Wearble Story: The PocketMonkey

by baltringer

My piece is actually a thin multi-tool called a PocketMonkey and is a wearable in so far as that I have it on my person at all times. Nate Barr designed this product to be a lighter and more accessible tool. Other tools are too bulky to always carry around, rendering them almost useless despite their advertised utility. Nate’s idea was to design a pocket tool that could quite literally always be in your pocket. In 2012, Nate took his funky tool to KickStarter to garner enough funding to finally be manufactured. His KickStarter campaign was successful and since then, his product has taken off, sold at most hardware stores, outdoor gear companies and on Amazon for roughly only $12.

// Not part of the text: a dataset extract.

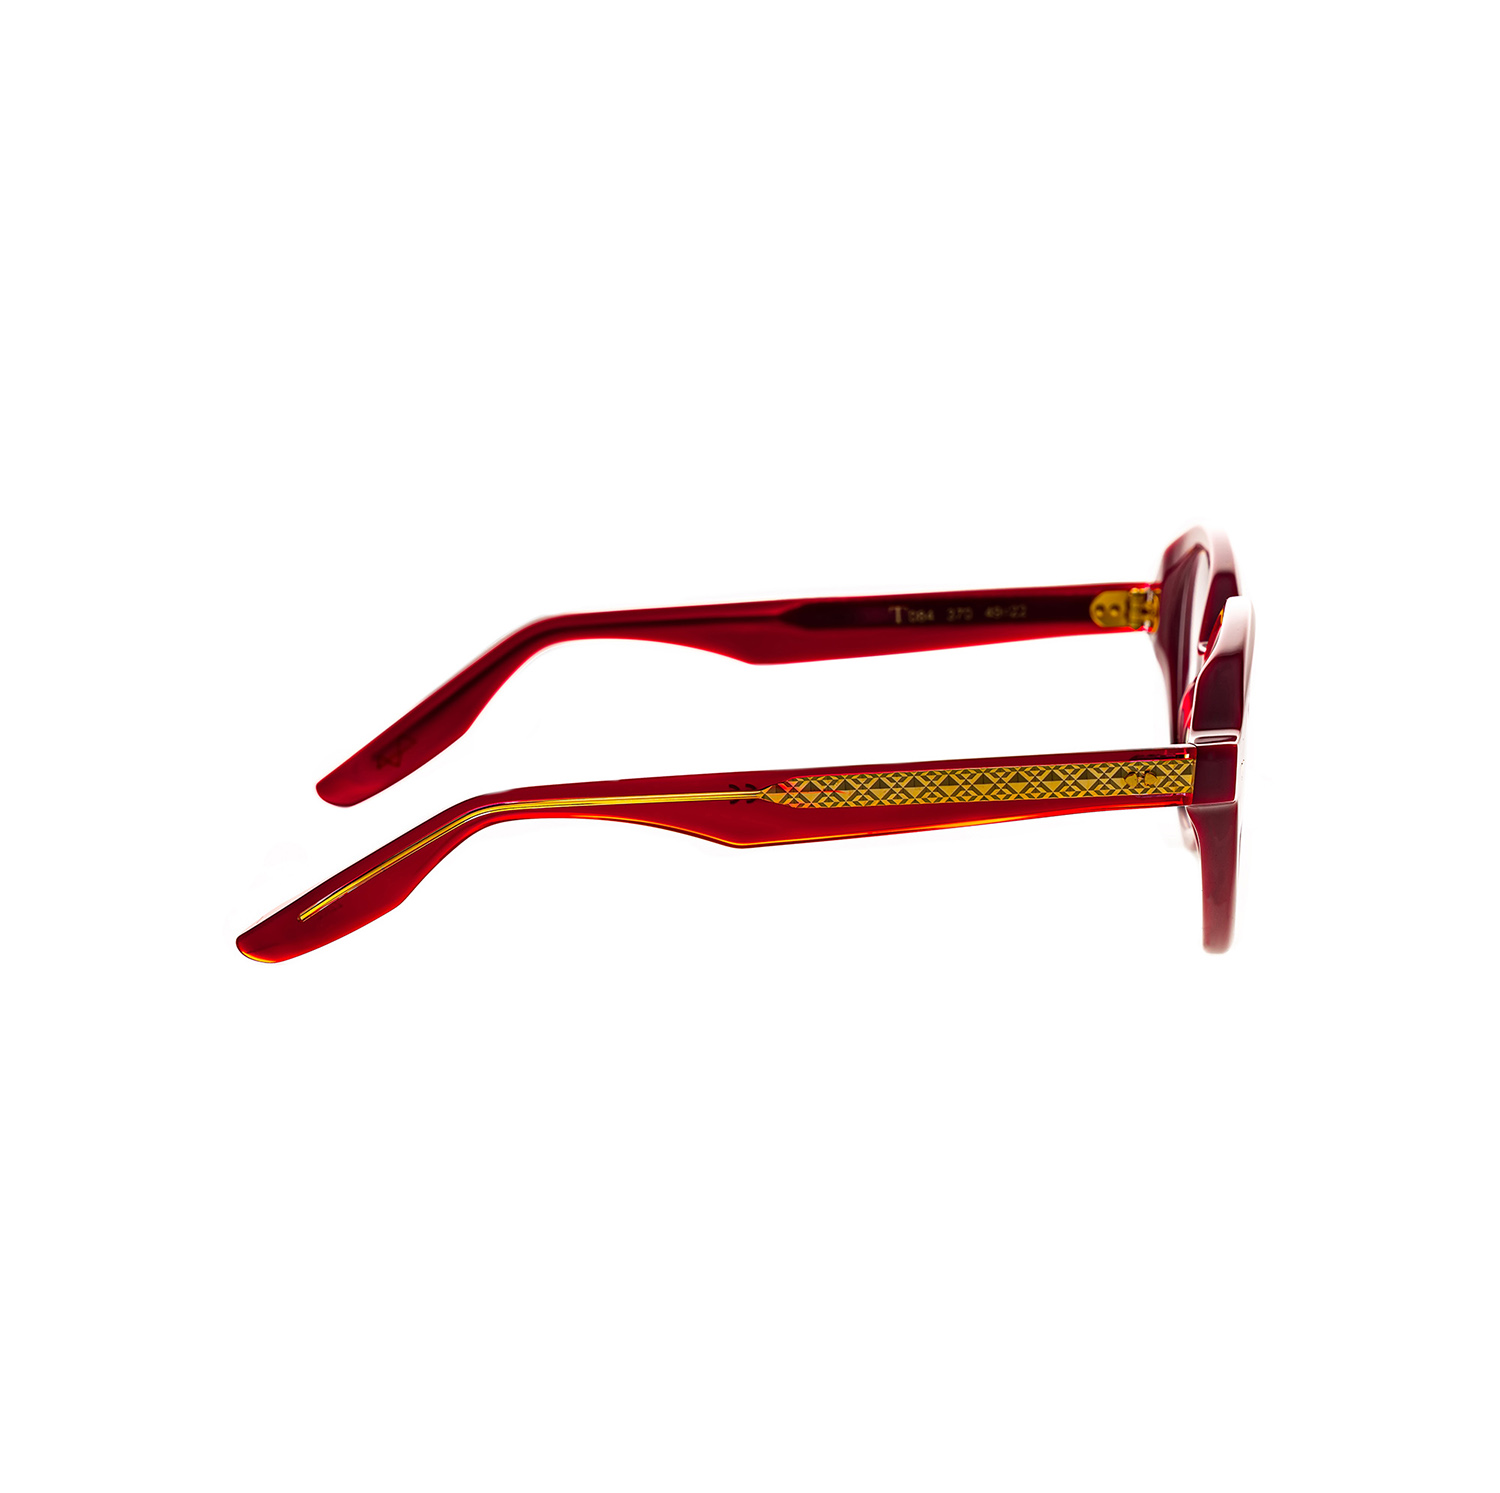 Costantino Toffoli Glasses model T084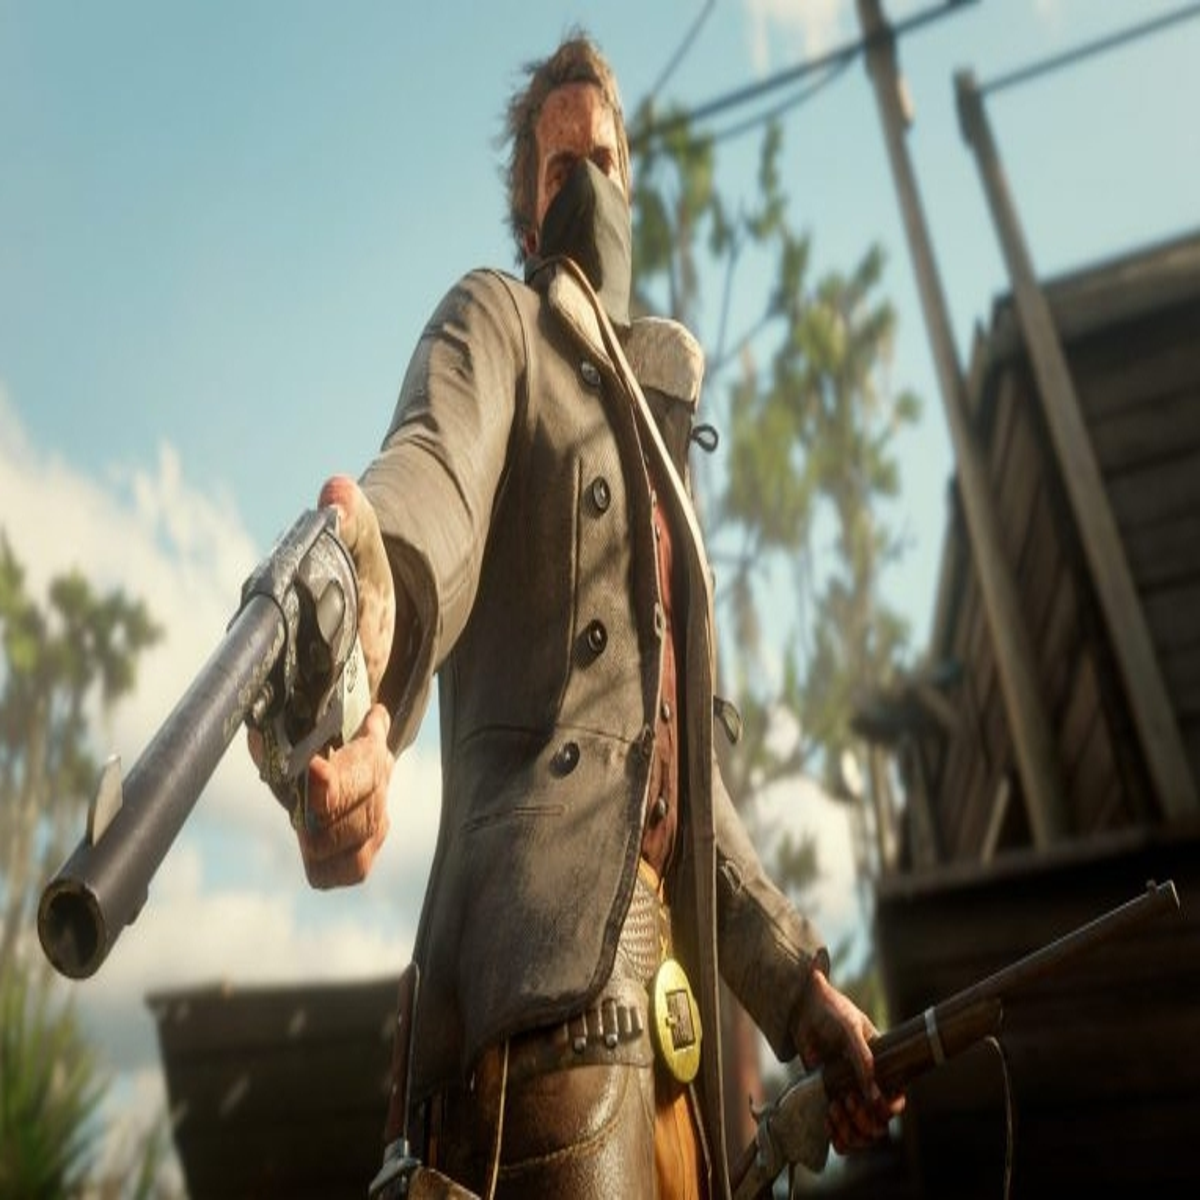 Red Dead Redemption 2 llegará a PC, según Michael Pachter

The PocketMonkey has 12 tools, including some standard ones like a bottle opener and flat head screwdriver, but also some creative ones like an orange peeler and banana nicker. The tool is smaller than most credit cards at only 1mm thick in order to fit in all sized wallet pockets. Its material of stainless steel lends it durability even though it is also incredibly lightweight. Each feature of the tool has its function inscribed on the tool itself to remind the user what all of its obscure uses are.

The tool truly feels like a homegrown product, beginning with an entrepreneurial idea and crowd sourced funding, and ending in its being manufactured in the United States. Nate deliberately chose to manufacture his tool in the U.S. with the intention of supporting his own country’s economy despite the higher production costs. Because of its story, the tool feels that much more like a product for the common American.